During my PhD, I worked on synthesizing and characterizing PLA-based block copolymers for co-encapsulation of biologics and chemotherapeutics, and evaluated their efficacy against breast cancer and AML through in vitro and in vivo studies. This included extensive experience in cell culture assays, tumor model development, drug administration, and pharmacokinetics in mice.
In my postdoctoral research, I focused on multifunctional metal oxide core–shell nanomaterials for near-infrared and tumor microenvironment-responsive combination therapy in triple-negative breast cancer, gaining expertise in chemodynamic, photothermal, and photodynamic approaches along with advanced inorganic nanomaterial characterization.
Overall, my work has resulted in high-impact publications and a strong skill set in nanomaterial-based drug delivery, characterization, and biological evaluation in cancer nanomedicine.
EDUCATION
B.Tech + M.Tech Dual Degree Nanotechnology 2011-2016 Amity University Uttar Pradesh CGPA 8.97 Gold Medalist
Ph.D. Biomedical Engineering 2016-2022 Indian Institute of Technology Delhi
RESEARCH, TEACHING, or OTHER INTERESTS
Materials Science, Multidisciplinary, Bioengineering, Cancer Research
Bioceramic and Antimicrobial Metal Oxide Reinforced Nanocomposites for Maxillofacial Bone Fixation Rahul Sharma, Neha Mehrotra, Inderdeep Singh, Kaushik Pal ACS Applied Bio Materials, 2025 This study develops third-generation poly(lactic acid) (PLA) nanocomposites with tailored degradation, osteoconductivity, and mechanical properties to address the issue of metallic maxillofacial implants, eliminating secondary removal surgeries while providing superior biocompatibility and reducing stress shielding.

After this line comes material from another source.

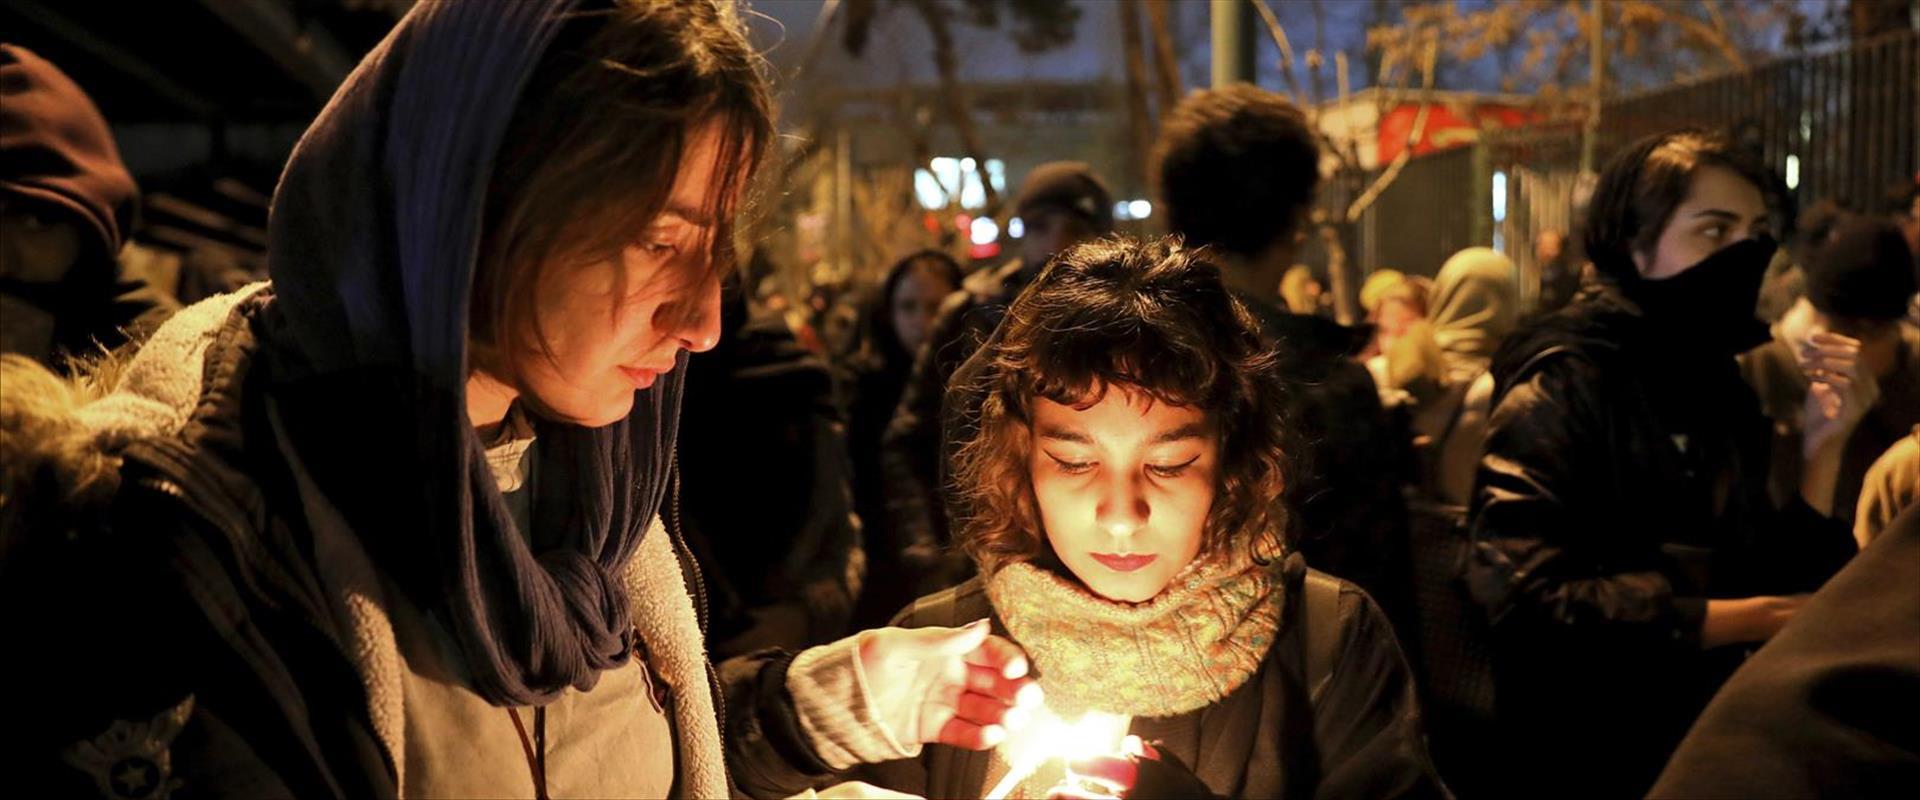 אזרחים מדליקים נרות לזכר קורבנות ההתרסקות, 11.01.2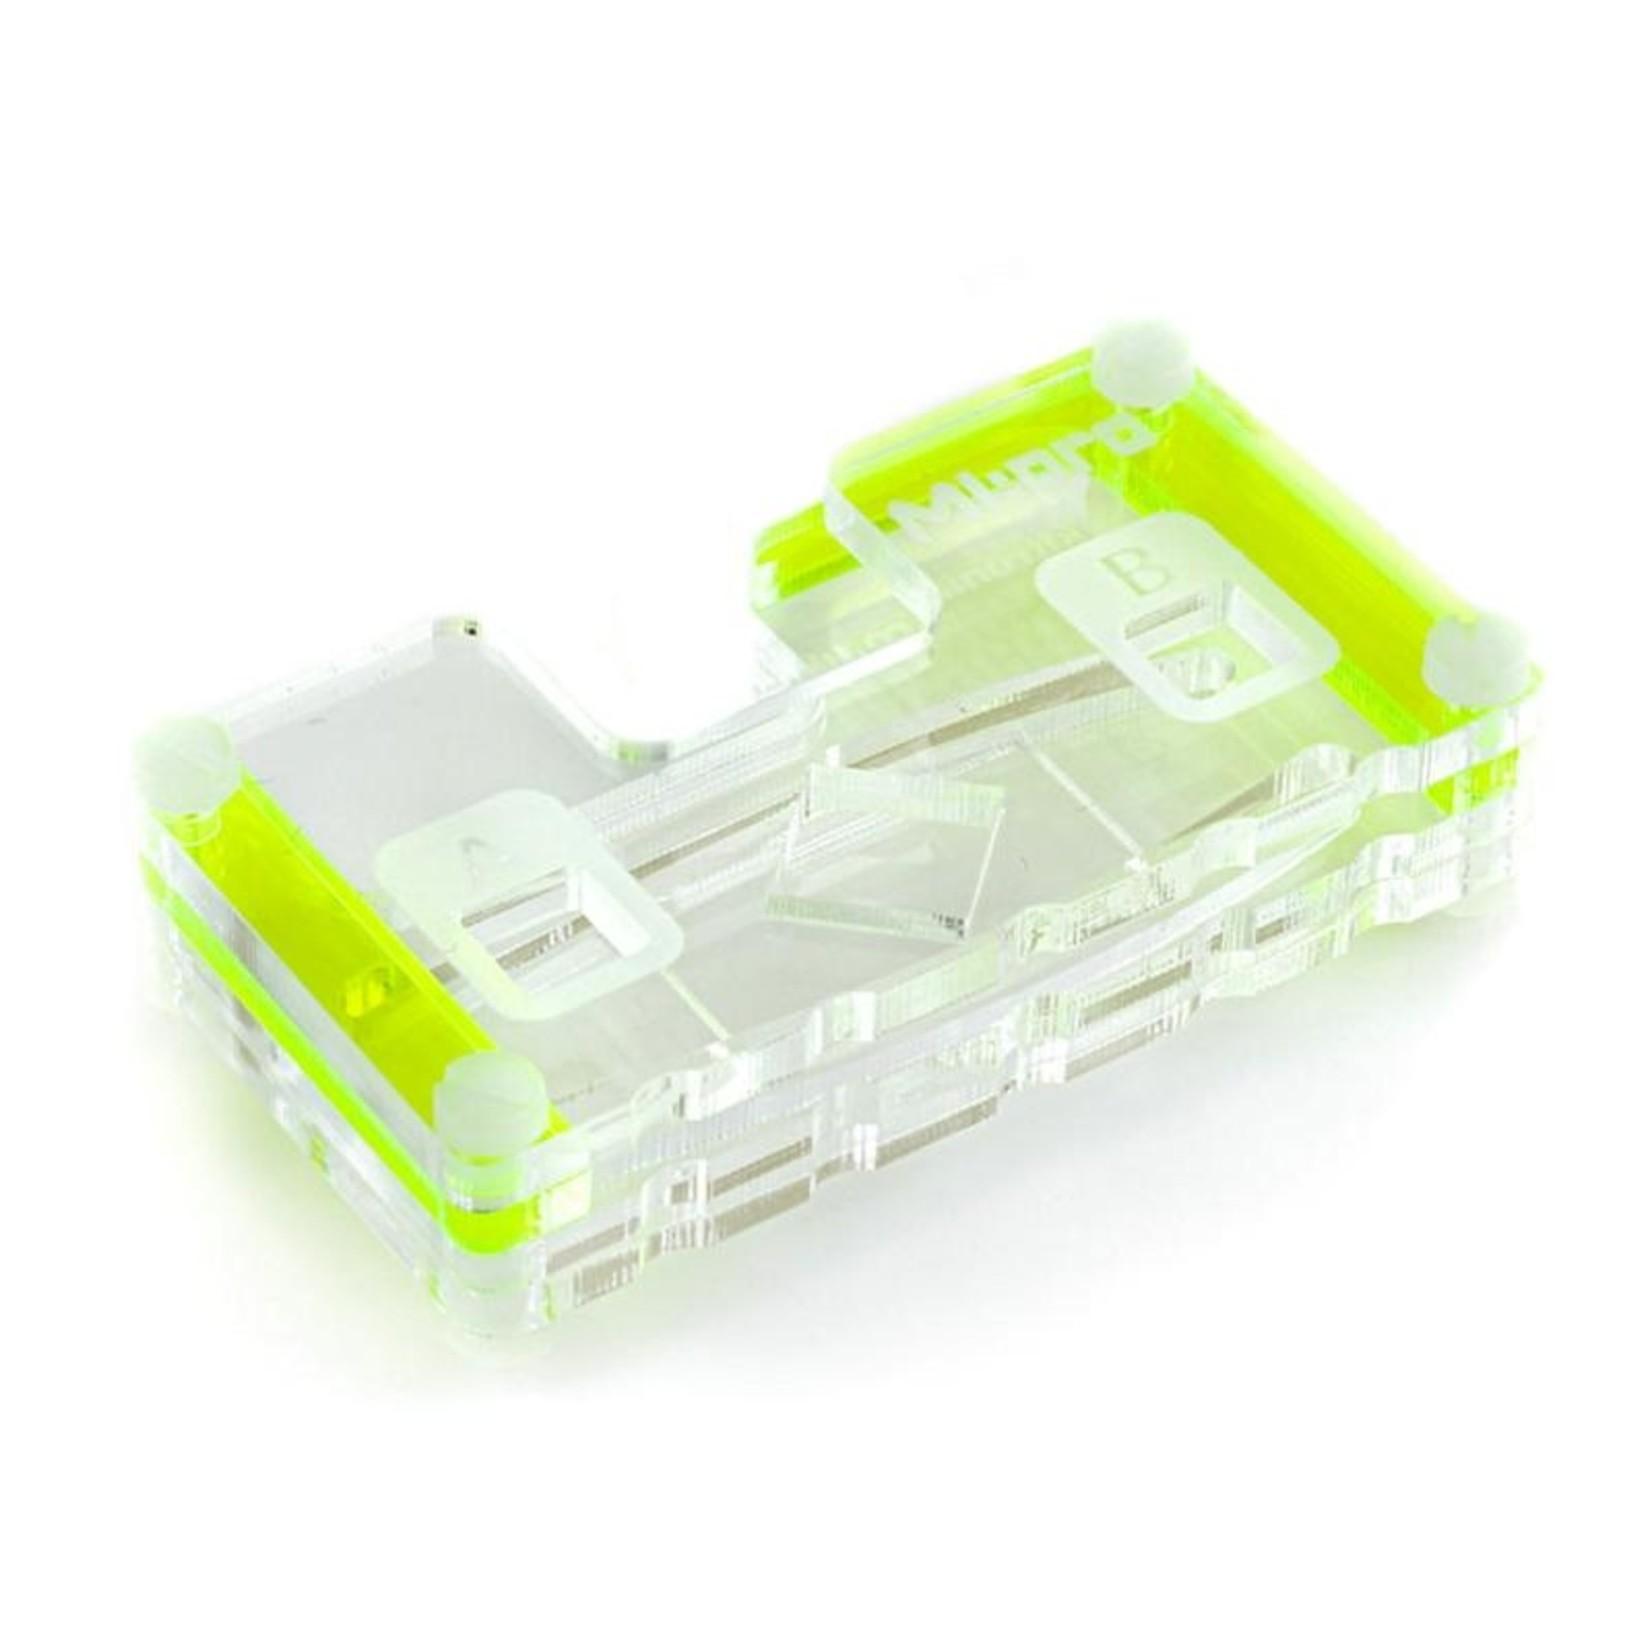 Kitronik MI:pro Protector Case for the BBC micro:bit V1 & V2 - Green

Hydroxyapatite (HAP), bioceramic-natural-bone-mimicking eggshell-derived nanoparticles (ESNP), and antimicrobial metal oxides (TiO 2 and ZnO) were synthesized using wet chemical precipitation, ball milling, sol–gel, and hydrothermal techniques, respectively, and incorporated into PLA matrices to develop PLA/ES (PE), PLA/HAP (PH), PLA/ES/TiO 2 (PET), PLA/HAP/TiO 2 (PHT), PLA/ES/ZnO (PEZ), and PLA/HAP/ZnO (PHZ) using solvent casting. Structural and compositional analyses of the synthesized nanomaterials and composites were performed using Fourier Transform Infrared Spectroscopy (FT-IR), Energy-Dispersive X-ray Spectroscopy (EDX), X-ray Diffraction (XRD), and Field-Emission Scanning Electron Microscopy (FE-SEM). Mechanical testing revealed that PE and PH composites achieved tensile strengths of 48.66 ± 1.27 MPa and 52.71 ± 0.45 MPa, tensile moduli of 1.94 ± 0.03 GPa and 2.14 ± 0.13 GPa, and Shore D hardness of 79.29 ± 1.31 SHN and 81.25 ± 0.90 SHN, respectively. The incorporation of NPs not only improved surface roughness (2.53 μm) and enhanced hydrophilicity (∼65°) but also exhibited increased biodegradation rates (PEZ: 14.83 ± 0.49%, PHZ: 10.48 ± 0.35% over 9 weeks). Cytocompatibility evaluations using osteoblast (MG-63) cells confirmed ≥ 80% cell viability, with hemolysis rates ≤ 2.82%, demonstrated enhanced osteoconductivity through improved cell adhesion and proliferation, and superior antibacterial activity for the composites containing metal oxides, highlighting their potential suitability for low-load-bearing zones of the maxillofacial region (maxilla and zygoma) implants.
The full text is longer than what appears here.